Bordetella (B.) bronchiseptica, Mycoplasma (M.) cynos, and M. canis are the major bacterial pathogens that cause canine infectious respiratory disease complex (CIRDC). In this study, we developed a triplex real-time polymerase chain reaction (tqPCR) assay for the differential detection of these bacteria in a single reaction. The assay specifically amplified three bacterial genes with a detection limit of below 10 copies/reaction. The assay showed high repeatability and reproducibility, with coefficients of intra- and inter-assay variations of less than 1%. The diagnostic results of the assay using 94 clinical samples from household dogs with CIRDC clinical signs, the prevalence of B. bronchiseptica, M. cynos, and M. canis was 22.3%, 18.1%, and 20.2%, respectively, indicating that the diagnostic sensitivity was comparable to those of previously reported qPCR assays. The dual infection rate of B. bronchiseptica and M. cynos, B. bronchiseptica and M. canis, and M. cynos and M. canis was 5.3%, 7.4%, and 3.1%, respectively. Moreover, the triple infection rate of B. bronchiseptica, M. cynos, and M. canis was 2.1%. These results indicate that coinfections with B. bronchiseptica, M. cynos, and M. canis have frequently occurred in the Korean dog population. The newly developed tqPCR assay in the present study will be a useful tool for etiological and epidemiological studies on these three CIRDC-associated bacterial pathogens. The prevalence and coinfection data revealed through this study will contribute to expanding knowledge on the epidemiology of CIRDC in the recent Korean dog population.

Keywords Triplex real-time PCR, Dogs, Bordetella bronchiseptica, Mycoplasma cynos, Mycoplasma canis

Canine infectious respiratory disease complex (CIRDC) is a multifactorial respiratory disease syndrome in the global dog population and is caused by various etiological agents. The primary pathogens associated with CIRDC include viral pathogens, such as canine distemper virus (CDV), canine adenovirus 2 (CAdV-2), canine parainfluenza virus 5 (CPIV5), and canine respiratory coronavirus (CRCoV) as well as bacterial pathogens, including Bordetella (B.) bronchiseptica, Mycoplasma (M.) cynos, and M. canis (Preistnall et al, 2014; Reagan and Sykes, 2020; Dong et al, 2022). B. bronchiseptica is commonly involved in respiratory diseases of various animal species and has traditionally been associated with CIRDC as a primary pathogen (Mochizuki et al, 2008; Decaro et al, 2016). Clinical signs of infected dogs can vary from mild respiratory disease to severe pneumonia and even death, depending on the immune status, environmental conditions, and coinfections with other viruses and bacteria. Furthermore, B. bronchiseptica has been frequently detected in the upper respiratory tract of healthy or asymptomatic dogs (Schulz et al, 2014; Lavan and Knesl, 2015), suggesting that asymptomatic carriers can act as sources of infection for susceptible dogs.

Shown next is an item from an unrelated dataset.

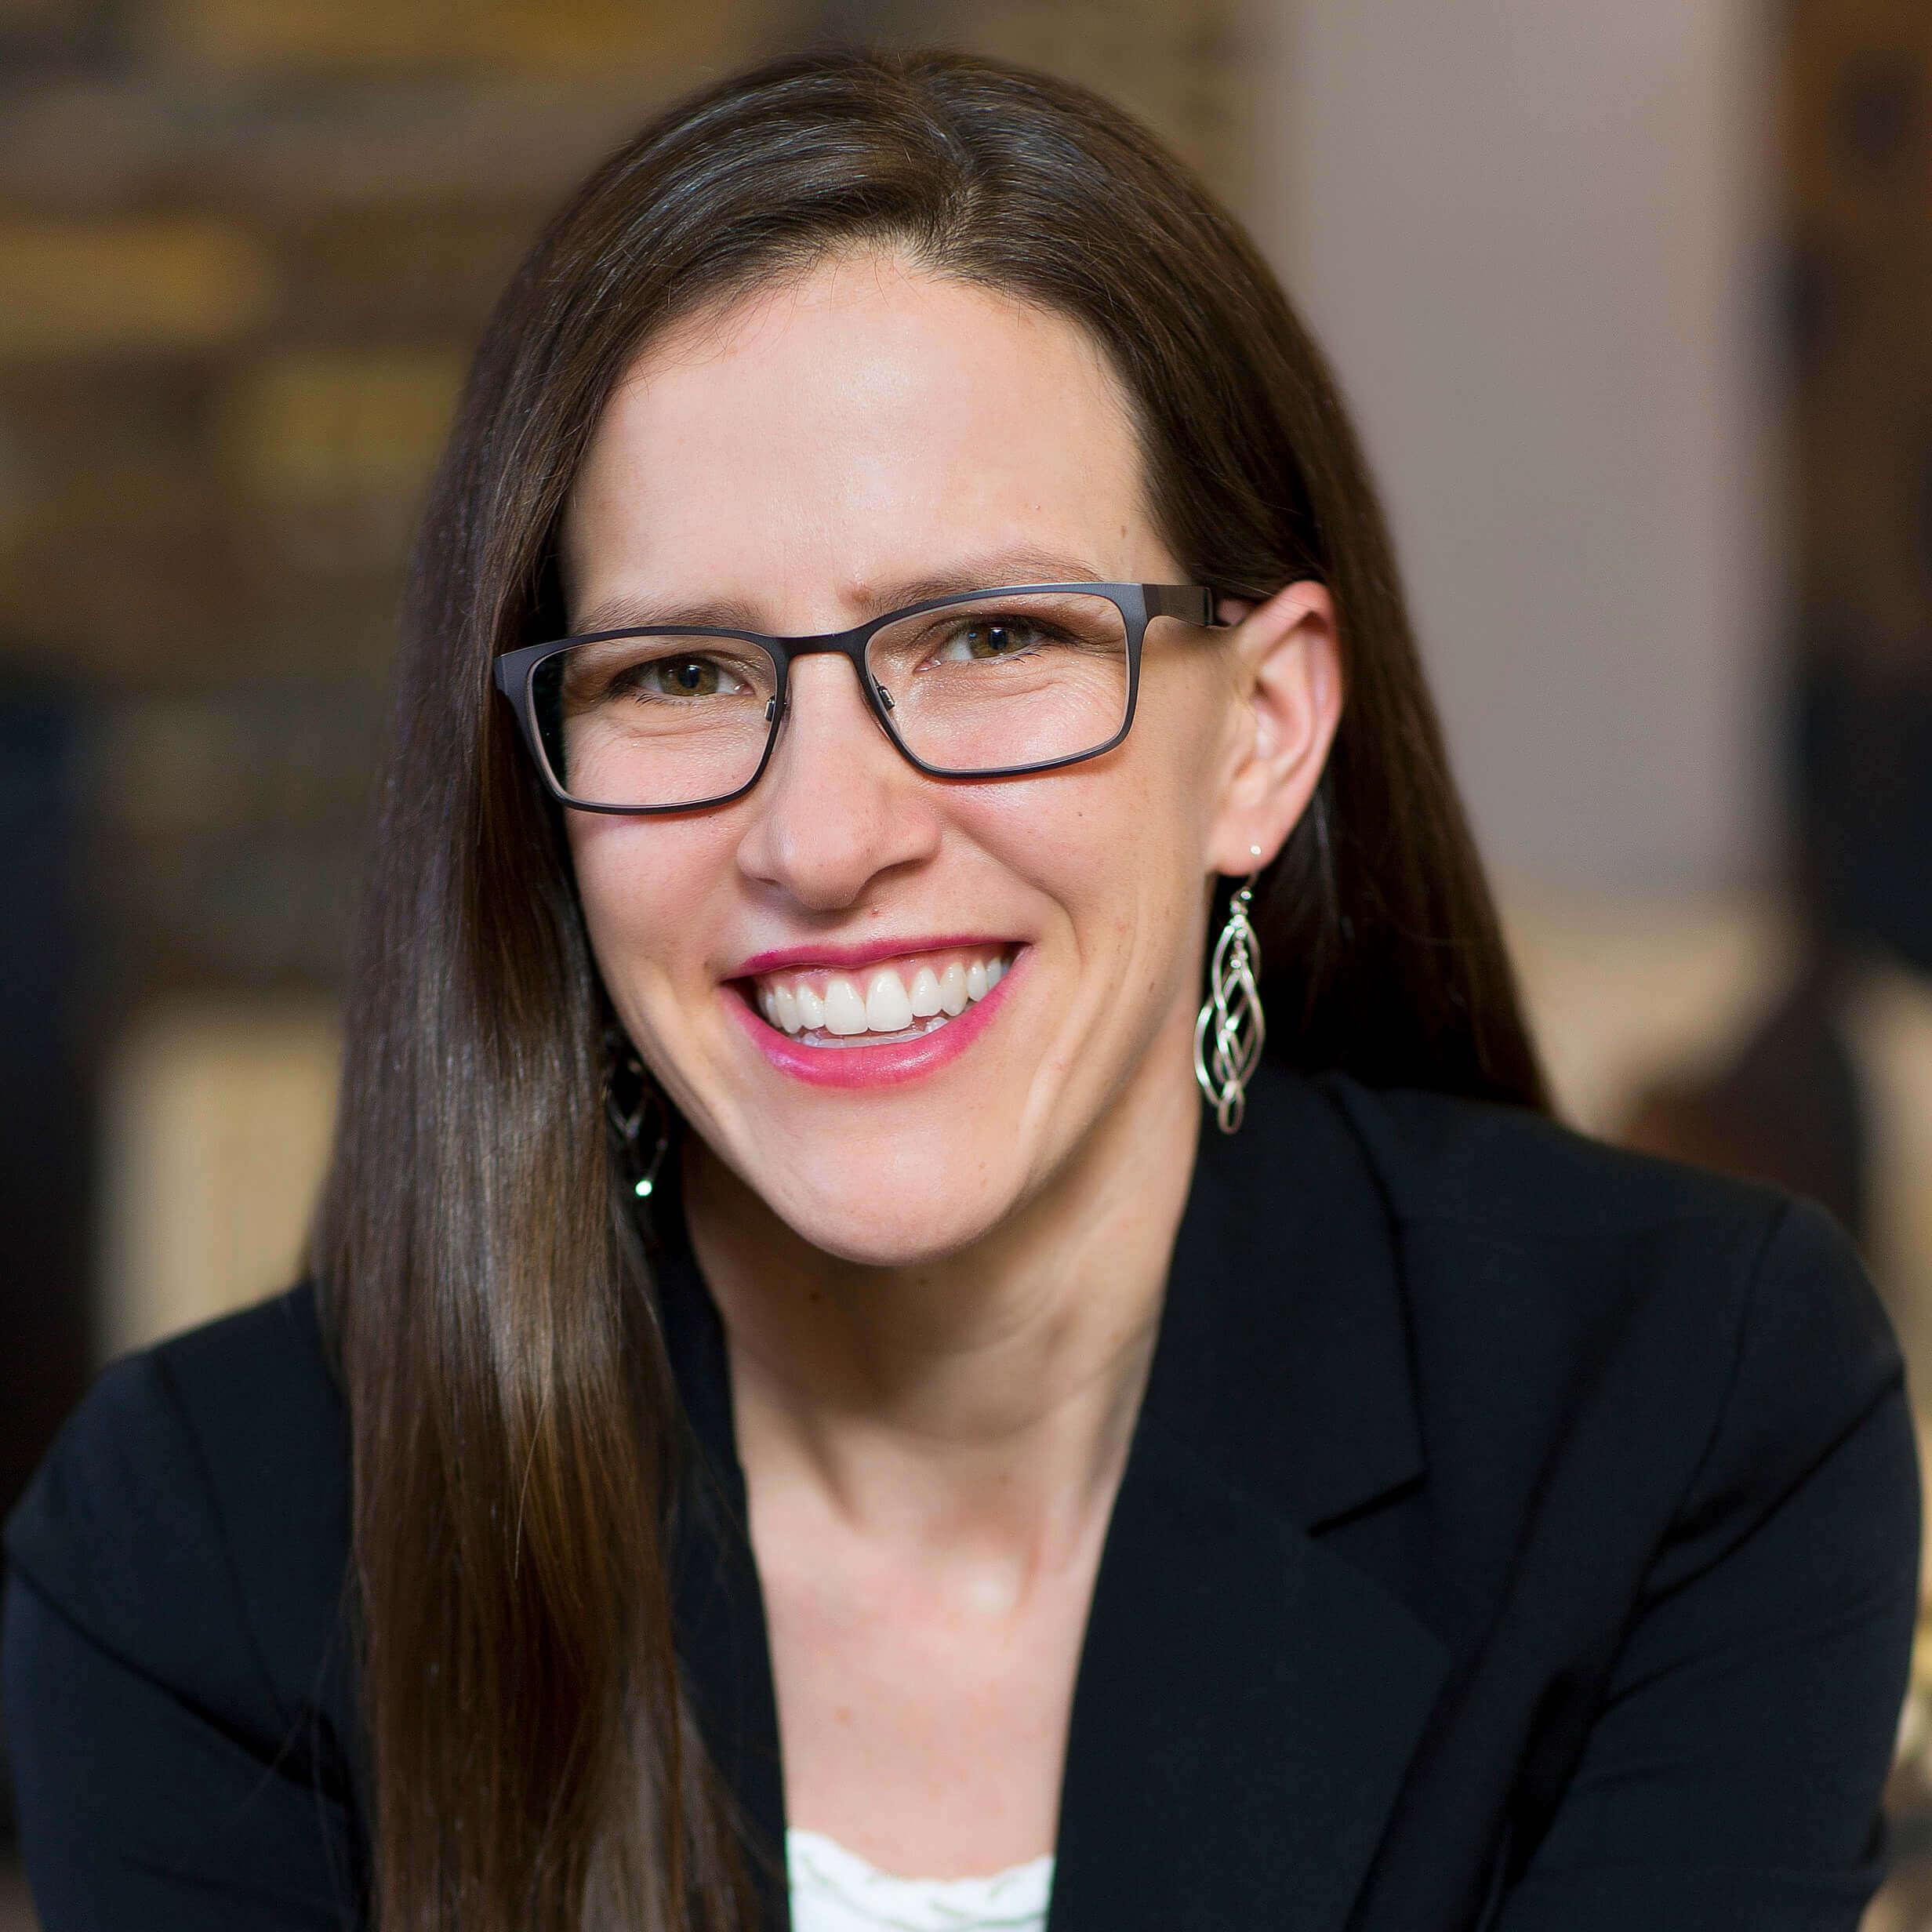 Picture of Elizabeth ErkenBrack, Ph.D
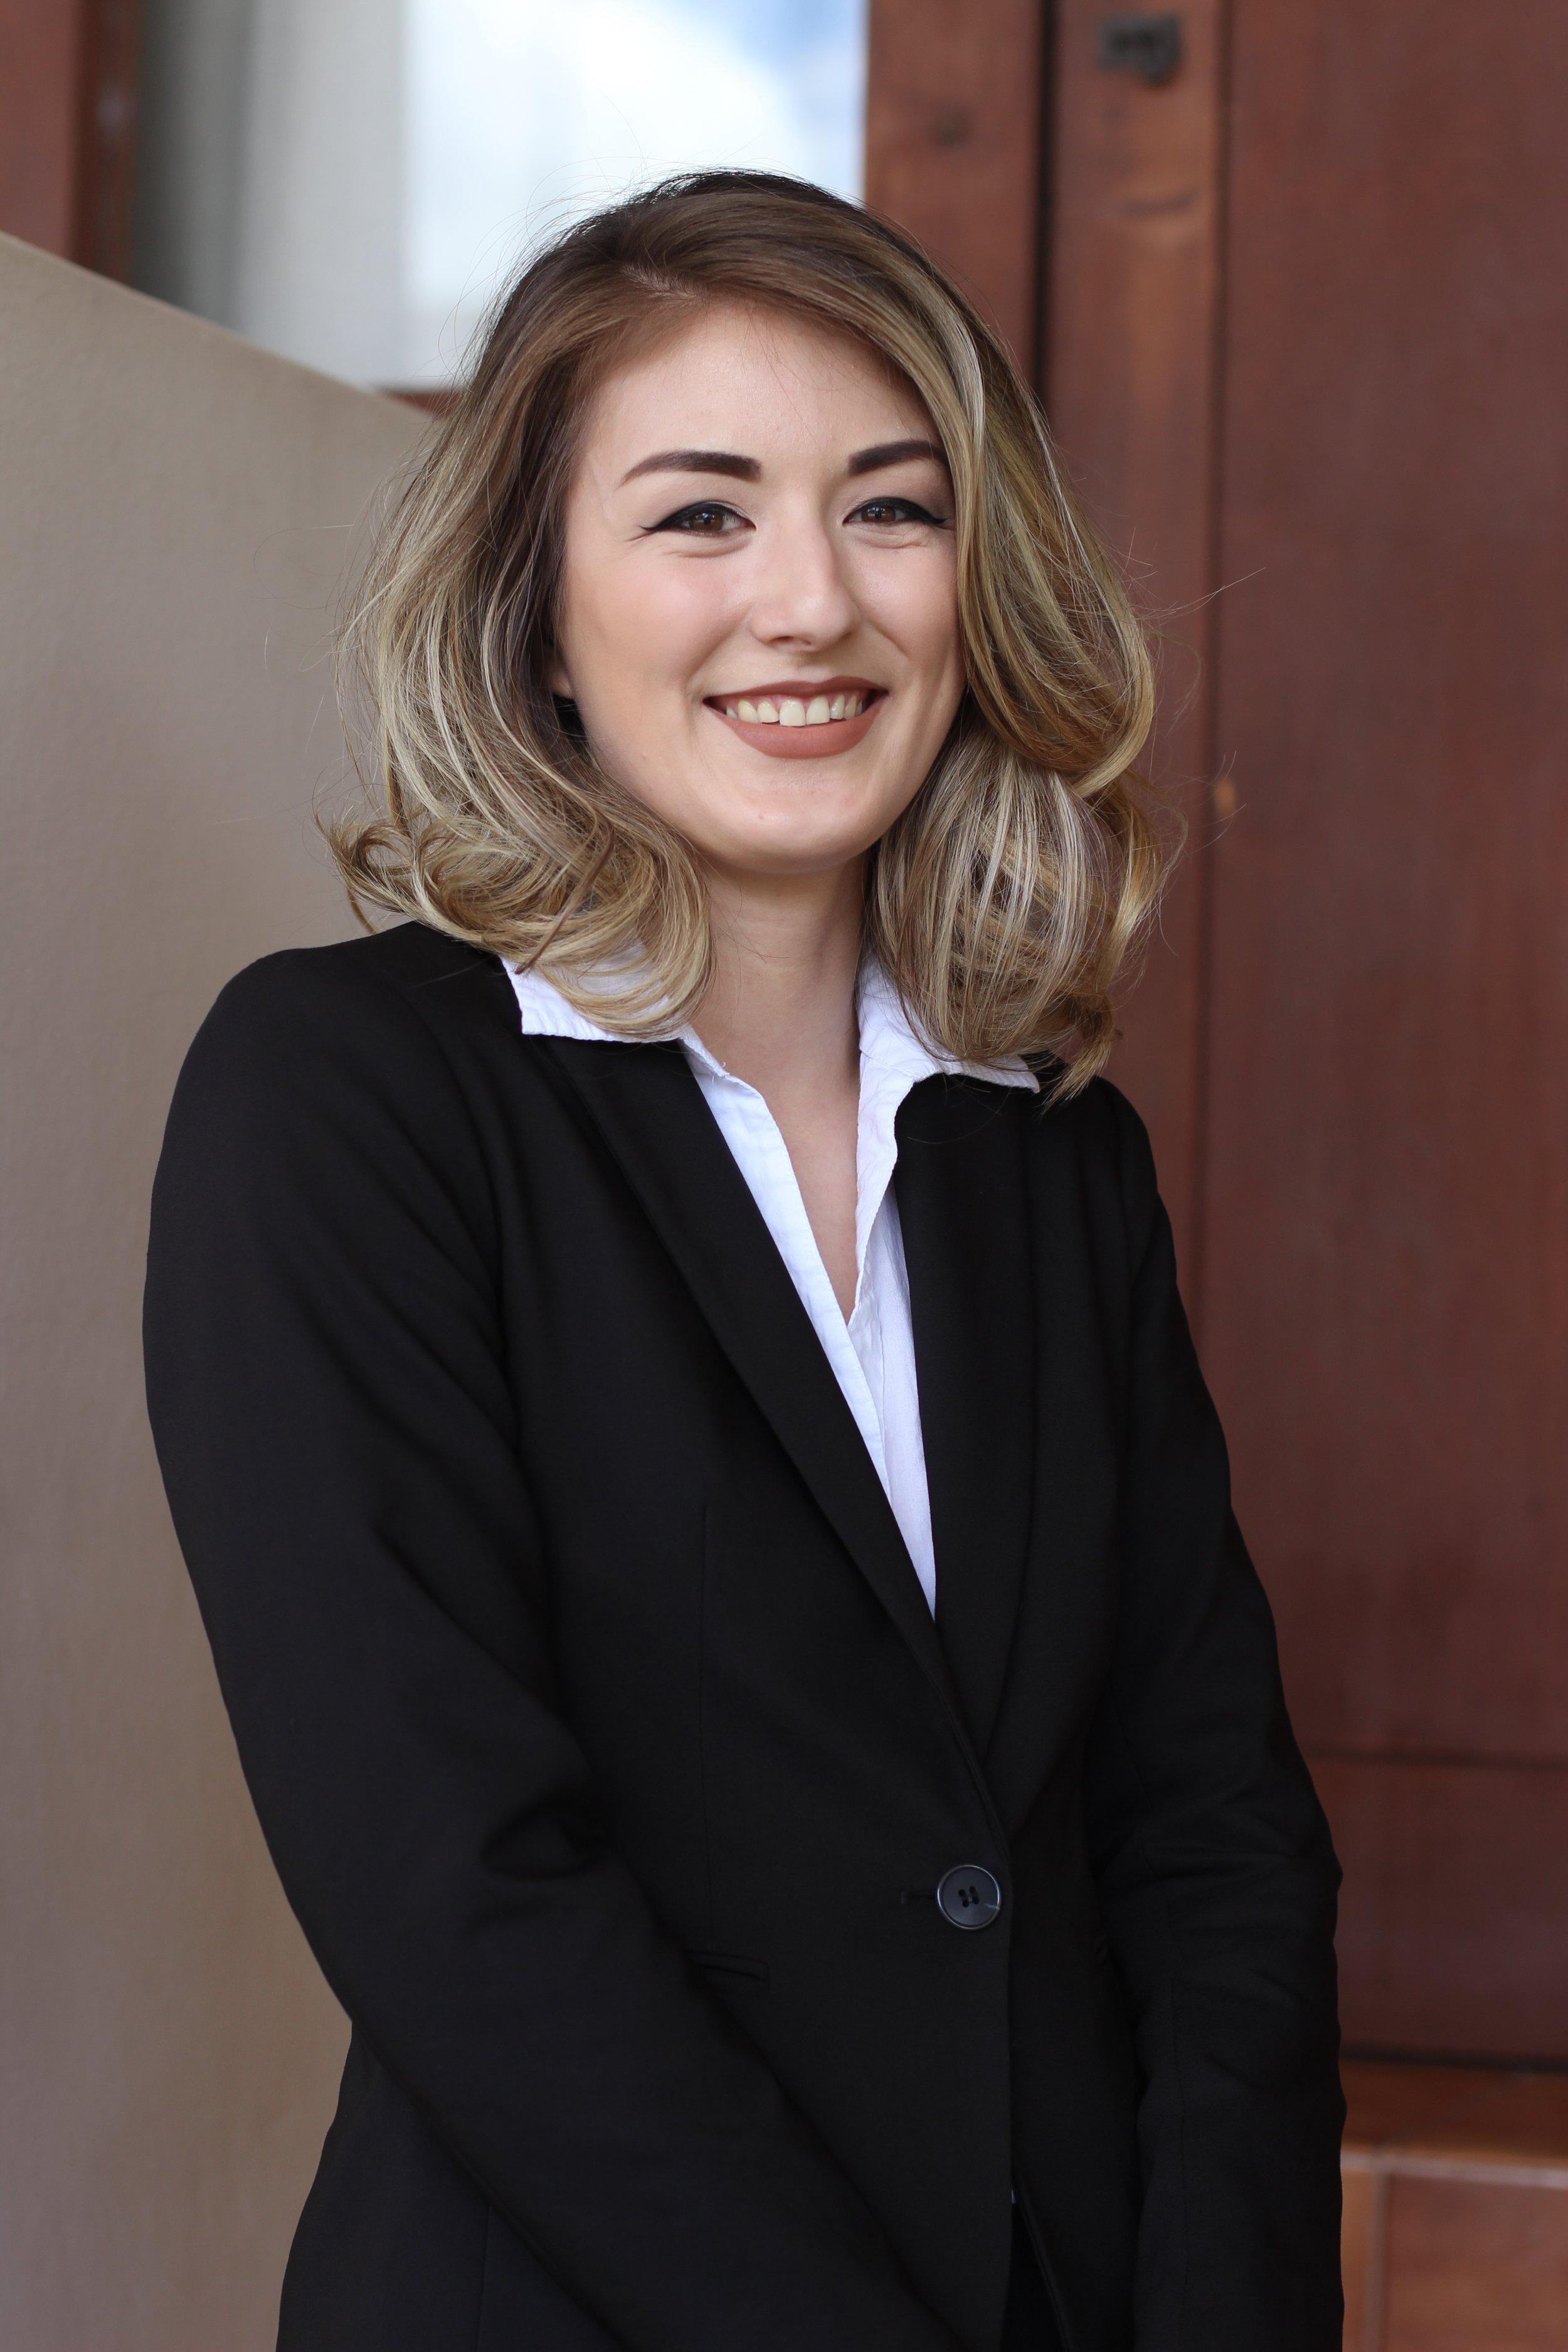 SECRETARY & IBC SENATOR: ALISSA KELLY -

To date, more than 15 different Mycoplasma species have been isolated from dogs, most of which are considered commensal organisms, and only a few are pathogenic (Chalker and Brownlie, 2004; Chalker, 2005). M. cynos was first isolated from the lungs of a dog with pneumonia; since then, it has been detected in several other cases of canine respiratory disease, suggesting that it is a primary pathogen associated with CIRDC (Chalker et al, 2004; Jambhekar et al, 2019). The role of other Mycoplasma species in CIRDC remains controversial (Chalker et al, 2004; Priestnall et al, 2014; Jambhekar et al, 2019). However, recent studies have demonstrated a significant relationship between the presence of M. canis and the severity of respiratory clinical signs (Decaro et al, 2016; Maboni et al, 2019). Therefore, M. cynos, and M. canis are routinely listed among the monitored pathogens in dogs with CIRDC (Maboni et al, 2019; Dong et al, 2022).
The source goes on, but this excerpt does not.